The Four False Weapons
- First US edition
- Author: John Dickson Carr
- Language: English
- Series: Henri Bencolin
- Genre: Mystery, Detective novel
- Publisher: Hamish Hamilton (UK) & Harper (USA, 1938)
- Publication date: 1937
- Publication place: United Kingdom
- Media type: Print (Hardback & Paperback)
- Pages: 222 pp (Popular Library #282, paperback edition, 1950)

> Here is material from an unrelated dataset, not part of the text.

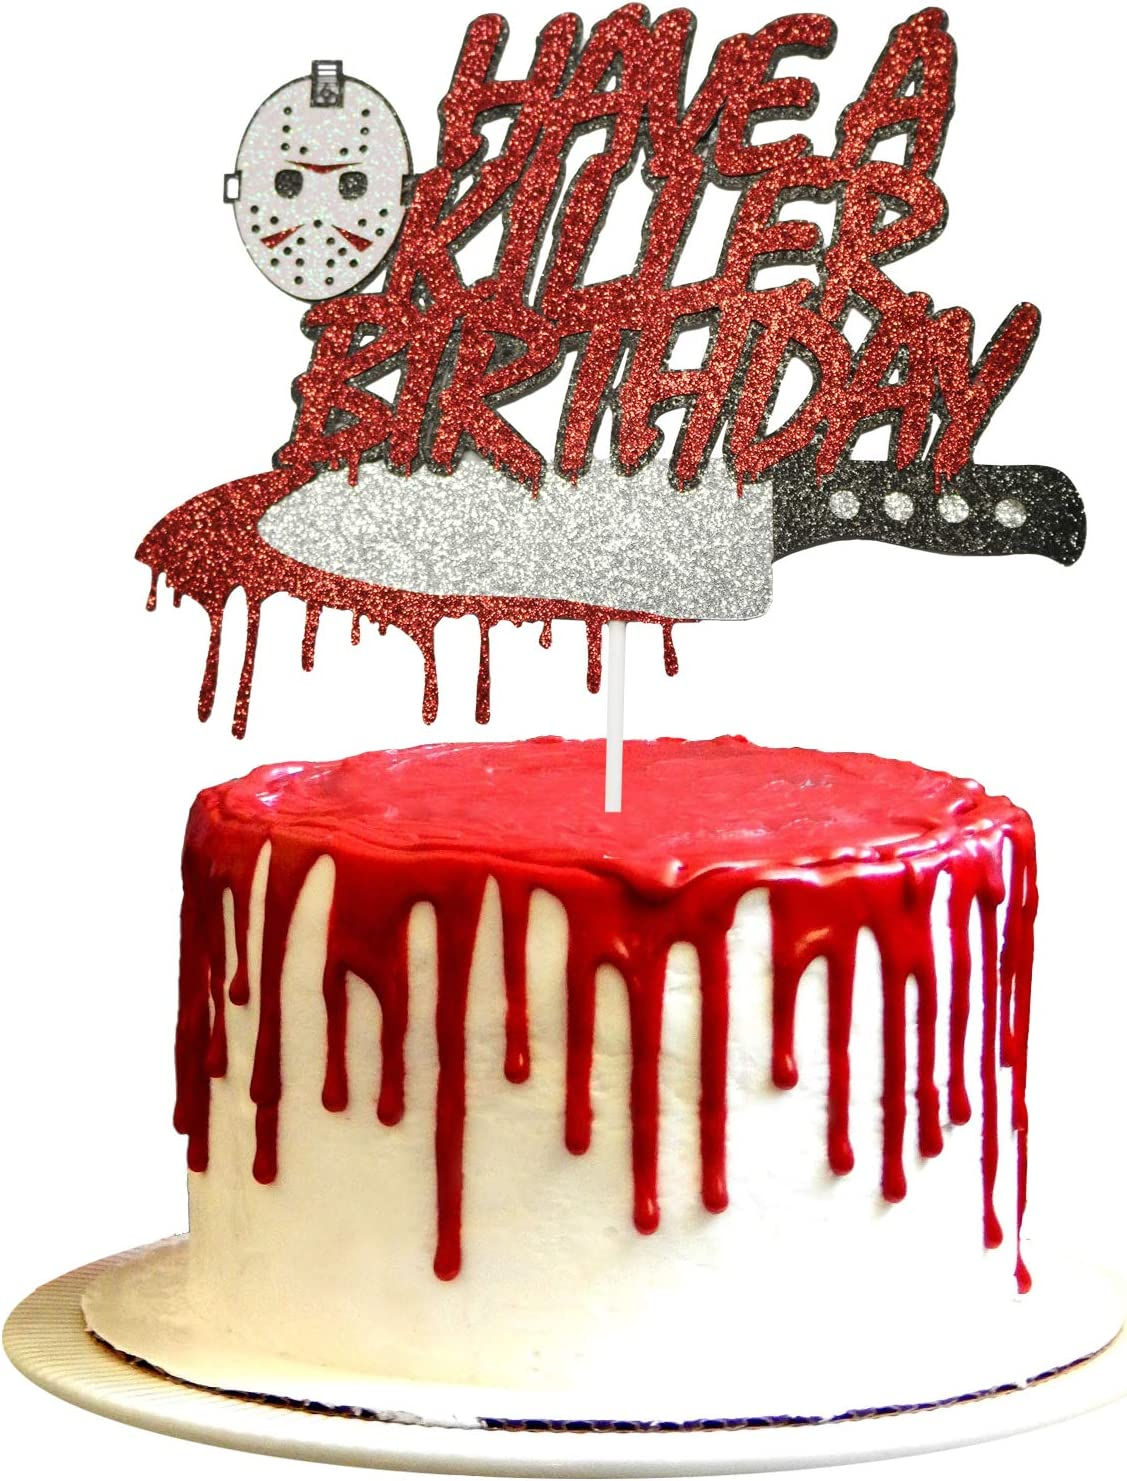 Have A Killer Birthday Cake Topper Halloween Jason Birthday Party Decorations Halloween Birthday Cake Topper Horror Movie Party Supplies Halloween Zombie Vampire Party Decorations

= The Four False Weapons =

1937 novel by John Dickson Carr

The Four False Weapons, first published in 1937, is a detective story by John Dickson Carr featuring his series detective Henri Bencolin. This novel contains a locked-room situation.

==Plot summary==

Richard Curtis is a junior British barrister entrusted with disentangling a client of the firm, Ralph Douglas, from his involvement with poule de luxe Rose Klonec. The infamous Rose has had more lovers than she can count—she removes all their cash and jewelry in the process, then discards them. Rose's dead body has been found in Douglas's country villa and in the room are a pistol, a razor, a box of poison pills and a stiletto. Henri Bencolin, of the Paris police, proves that none of these four weapons were used to kill Rose, and that she has been the victim of an unusual fifth. The comings and goings at the villa that night are the subject of much investigation. It is not until Bencolin is invited to take a hand at the Corpses' Club to play a 17th-century game of chance, Basset, that has never been played by any living person, that he resolves the contradictions and solves the crimes.